Countering this issue, Obamacare hasn't delivered the bounty of profits that insurers once believed it would provide -- at least not yet. CBO estimates originally had called for 21 million Obamacare enrollees by 2016, but now forecasts project just 10 million by the end of next year. Why the difference? The CBO was simply wrong on how many people were actually uninsured prior to the implementation of Obamacare. The result is that insurers haven't gained as many new members as they had expected prior to the rollout of Obamacare, and profits have also not been as large. Lower-than-anticipated profits for successful insurers are likely another big reason why co-ops are failing, because money-losing co-ops rely on the risk corridor for support and are simply not getting it.

The risk corridor is a tool designed to take excessive profits from healthy insurers and give it to struggling insurers to help buoy their business. Most struggling insurers are receiving just a fraction of what they've requested for 2016, leaving them with little choice but to close their doors.


Image source: Centers for Disease Control and Prevention. 

Why you should care that co-ops are failing
Regardless of whether or not you obtain health insurance through an Obamacare marketplace exchange, get it privately, or are insured through an employer, you should be paying close attention to the tumult among Obamacare's co-ops.

For starters, the failure of co-ops could be responsible for higher-than-normal premium cost inflation in select markets. Larger markets that are attractive to big insurers may not see a large impact, but smaller co-ops that shuttered their doors in Louisiana, Nevada and Utah, where competition among insurers is far less fierce than in highly populated states such as New York, could see a substantial premium hike in 2016 and beyond. Without low-cost co-ops in place, consumers in some states might be looking at just a few plans to choose from.

Secondly, the failure of new entrants into the marketplace provides even more evidence to existing national insurers that they're practically irreplaceable. If I were a national insurer like UnitedHealth Group (UNH 1.61%) or Anthem (ELV 1.19%), I would have absolutely no fear about raising my prices moving forward considering that low-cost competition doesn't appear to be succeeding.

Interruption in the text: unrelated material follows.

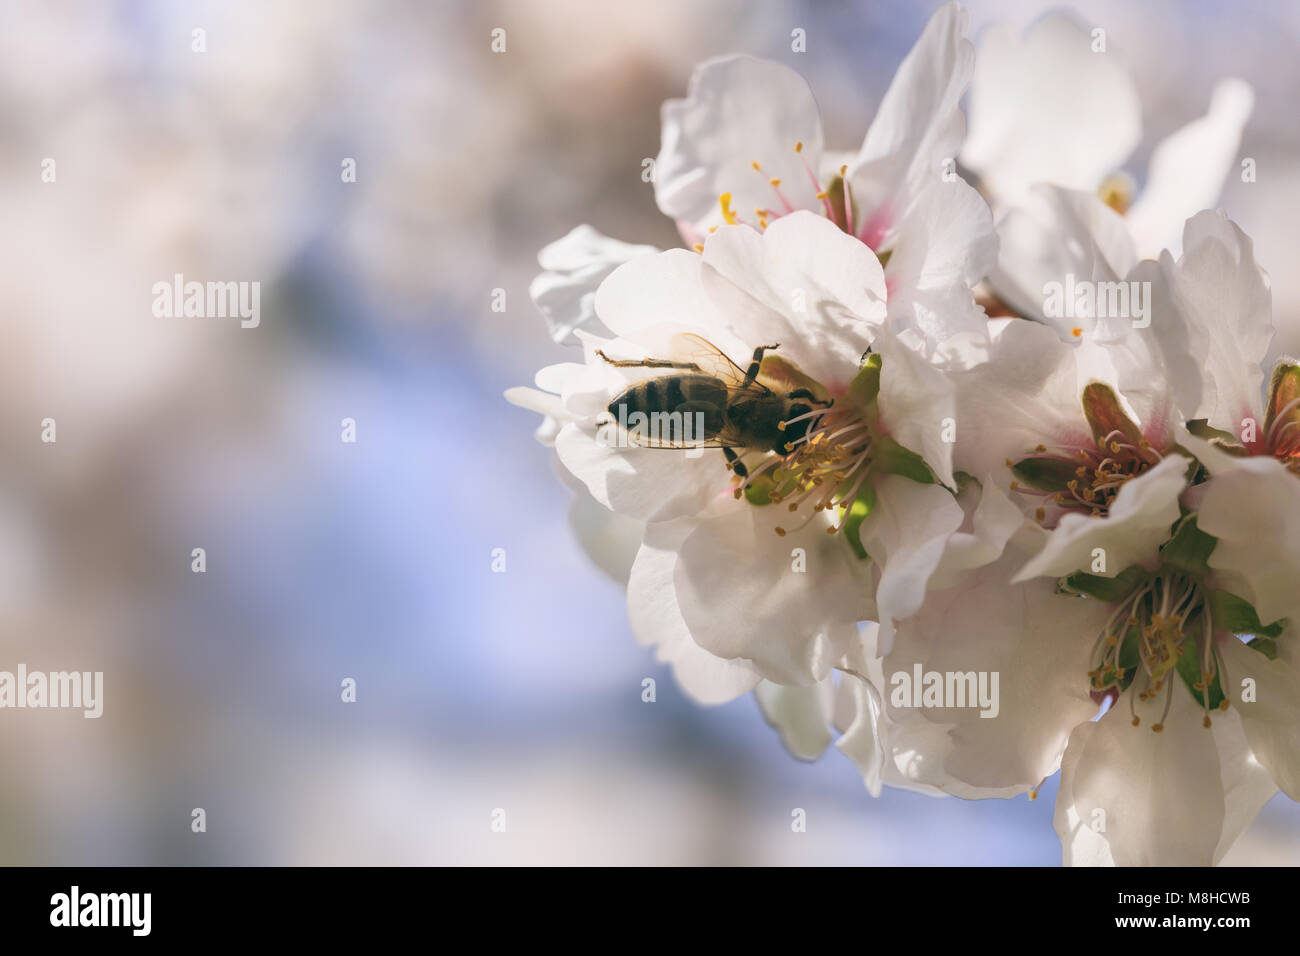 La recolección de miel de abeja polen de flores de almendro, acercamiento, fondo desenfocado Foto de stock

With the checks and balances in place to halt large premium hikes turning out to be less scary than initially thought, for better or for worse insurers should be able to push through price increases on an almost at-will basis.

On top of simply facing less competition, which is opposite of what Obamacare would prefer to promote, national insurers are probably going to absorb the more than 700,000 displaced members from closing co-ops in the ongoing enrollment period. If sicker individuals are indeed partly responsible for the demise of a dozen Obamacare co-ops, then insurers like UnitedHealth and Anthem are going to be proactive about boosting their rates to ensure they don't see their profits evaporate.

All of this points to one thing: higher prices for you, the consumer.